Langkah tersebut sekaligus menunjukkan bahwa Fu Jiu kini menjadi salah satu orang yang paling dipercaya oleh sang Putri Agung.
Chu Cen Khawatir Putrinya Terjebak Permainan Politik Istana
Jauh di wilayah perbatasan, Jenderal Chu Cen menerima laporan mendesak dari ibu kota.
Ia terkejut mengetahui bahwa Kaisar telah wafat dan putrinya kini menyandang gelar Putri Agung Negara.
Meski lega karena Chu Zhao berhasil selamat dari kekacauan politik, Chu Cen justru semakin mengkhawatirkan keselamatannya.
Baginya, peperangan di garis depan jauh lebih mudah dipahami dibanding intrik politik yang penuh pengkhianatan di istana.
Namun sebelum sempat bertindak, serangan musuh di wilayah perbatasan memaksanya kembali memimpin pasukan ke medan tempur.
Xiao Yu Resmi Menjadi Kaisar
Hari penobatan Xiao Yu akhirnya tiba.
Sebagai seorang anak kecil yang baru kehilangan keluarganya, Xiao Yu tampak ketakutan menghadapi situasi yang terjadi di sekelilingnya.
Ia bahkan menolak menaiki kereta kekaisaran jika Chu Zhao tidak ikut mendampinginya.
Keputusan tersebut memicu kritik dari sejumlah pejabat yang menganggap seorang perempuan tidak seharusnya terlibat dalam urusan pemerintahan.
Namun dukungan datang dari Xie Yanlai.
Ia mengingatkan para pejabat bahwa dalam sejarah kerajaan pernah ada perempuan yang memegang kendali pemerintahan dan tetap mampu menjaga stabilitas negara.
Akhirnya Chu Zhao berjalan bersama Xiao Yu menuju upacara penobatan, memperlihatkan kepada seluruh istana bahwa dirinya kini memiliki posisi yang sangat penting dalam pemerintahan baru.

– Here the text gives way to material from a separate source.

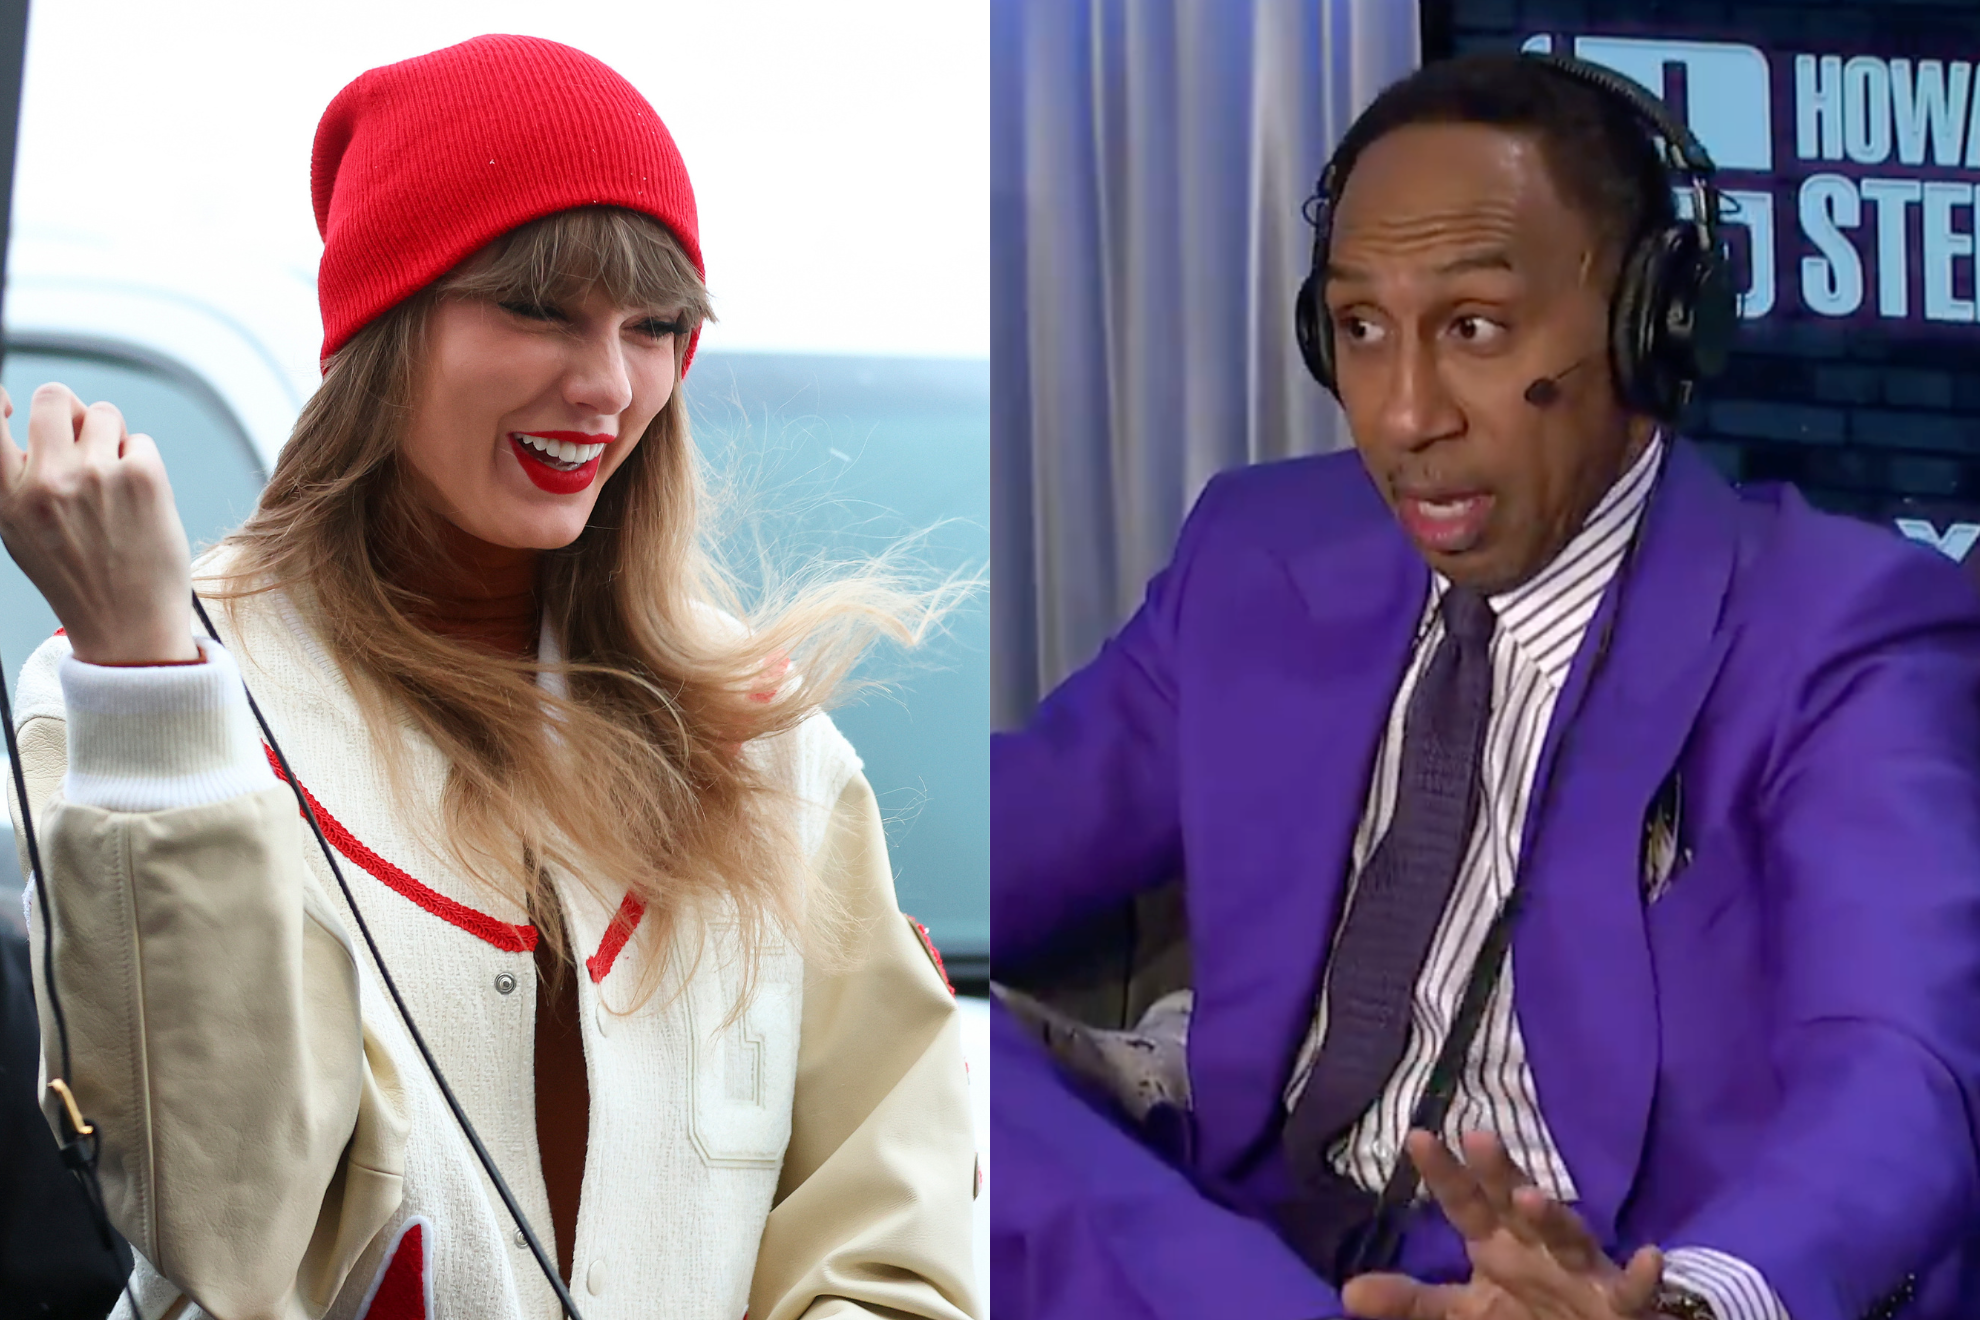 Taylor Swift impressed Stephen A. Smith during a concert.

Xie Yanfang Menjadi Sekutu Potensial
Usai penobatan, Chu Zhao bertemu dengan Xie Yanfang, tokoh berpengaruh dari Klan Xie yang selama ini dikenal cerdas dan sulit ditebak.
Xie Yanfang menyampaikan terima kasih karena Chu Zhao telah menyelamatkan Xiao Yu dan menjaga keberlangsungan garis keturunan kekaisaran.